Give an exact copy of the data that follows.

-------- Records for this task --------

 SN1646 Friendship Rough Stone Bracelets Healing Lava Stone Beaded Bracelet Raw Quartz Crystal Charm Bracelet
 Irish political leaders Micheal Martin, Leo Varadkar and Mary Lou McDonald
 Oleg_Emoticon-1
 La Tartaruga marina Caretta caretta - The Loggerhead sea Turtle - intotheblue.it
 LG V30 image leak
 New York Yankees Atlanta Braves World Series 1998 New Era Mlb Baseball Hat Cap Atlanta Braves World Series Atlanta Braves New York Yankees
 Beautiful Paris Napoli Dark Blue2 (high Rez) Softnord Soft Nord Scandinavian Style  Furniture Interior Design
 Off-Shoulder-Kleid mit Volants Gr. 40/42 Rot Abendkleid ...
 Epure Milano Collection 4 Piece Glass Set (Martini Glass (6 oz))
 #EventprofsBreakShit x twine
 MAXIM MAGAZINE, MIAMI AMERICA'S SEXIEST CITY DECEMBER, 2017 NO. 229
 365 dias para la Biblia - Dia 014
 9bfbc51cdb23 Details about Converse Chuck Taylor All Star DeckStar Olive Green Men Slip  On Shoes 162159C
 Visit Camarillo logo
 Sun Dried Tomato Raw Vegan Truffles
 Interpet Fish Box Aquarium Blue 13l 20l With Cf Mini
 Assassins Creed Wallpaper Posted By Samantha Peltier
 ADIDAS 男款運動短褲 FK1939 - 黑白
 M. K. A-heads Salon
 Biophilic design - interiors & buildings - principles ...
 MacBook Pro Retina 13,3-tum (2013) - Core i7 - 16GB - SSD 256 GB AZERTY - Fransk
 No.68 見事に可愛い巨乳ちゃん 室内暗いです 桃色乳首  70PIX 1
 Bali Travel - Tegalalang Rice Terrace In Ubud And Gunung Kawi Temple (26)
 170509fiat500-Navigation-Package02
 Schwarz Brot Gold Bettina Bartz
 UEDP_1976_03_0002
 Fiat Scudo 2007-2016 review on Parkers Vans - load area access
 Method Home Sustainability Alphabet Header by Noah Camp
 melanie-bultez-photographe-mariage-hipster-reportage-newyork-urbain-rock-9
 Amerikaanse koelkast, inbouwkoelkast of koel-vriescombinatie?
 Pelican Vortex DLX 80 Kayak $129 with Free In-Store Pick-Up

--------

- _Response_:
 SN1646 Friendship Rough Stone Bracelets Healing Lava Stone Beaded Bracelet Raw Quartz Crystal Charm Bracelet
 Irish political leaders Micheal Martin, Leo Varadkar and Mary Lou McDonald
 Oleg_Emoticon-1
 La Tartaruga marina Caretta caretta - The Loggerhead sea Turtle - intotheblue.it
 LG V30 image leak
 New York Yankees Atlanta Braves World Series 1998 New Era Mlb Baseball Hat Cap Atlanta Braves World Series Atlanta Braves New York Yankees
 Beautiful Paris Napoli Dark Blue2 (high Rez) Softnord Soft Nord Scandinavian Style  Furniture Interior Design
 Off-Shoulder-Kleid mit Volants Gr. 40/42 Rot Abendkleid ...
 Epure Milano Collection 4 Piece Glass Set (Martini Glass (6 oz))
 #EventprofsBreakShit x twine
 MAXIM MAGAZINE, MIAMI AMERICA'S SEXIEST CITY DECEMBER, 2017 NO. 229
 365 dias para la Biblia - Dia 014
 9bfbc51cdb23 Details about Converse Chuck Taylor All Star DeckStar Olive Green Men Slip  On Shoes 162159C
 Visit Camarillo logo
 Sun Dried Tomato Raw Vegan Truffles
 Interpet Fish Box Aquarium Blue 13l 20l With Cf Mini
 Assassins Creed Wallpaper Posted By Samantha Peltier
 ADIDAS 男款運動短褲 FK1939 - 黑白
 M. K. A-heads Salon
 Biophilic design - interiors & buildings - principles ...
 MacBook Pro Retina 13,3-tum (2013) - Core i7 - 16GB - SSD 256 GB AZERTY - Fransk
 No.68 見事に可愛い巨乳ちゃん 室内暗いです 桃色乳首  70PIX 1
 Bali Travel - Tegalalang Rice Terrace In Ubud And Gunung Kawi Temple (26)
 170509fiat500-Navigation-Package02
 Schwarz Brot Gold Bettina Bartz
 UEDP_1976_03_0002
 Fiat Scudo 2007-2016 review on Parkers Vans - load area access
 Method Home Sustainability Alphabet Header by Noah Camp
 melanie-bultez-photographe-mariage-hipster-reportage-newyork-urbain-rock-9
 Amerikaanse koelkast, inbouwkoelkast of koel-vriescombinatie?
 Pelican Vortex DLX 80 Kayak $129 with Free In-Store Pick-Up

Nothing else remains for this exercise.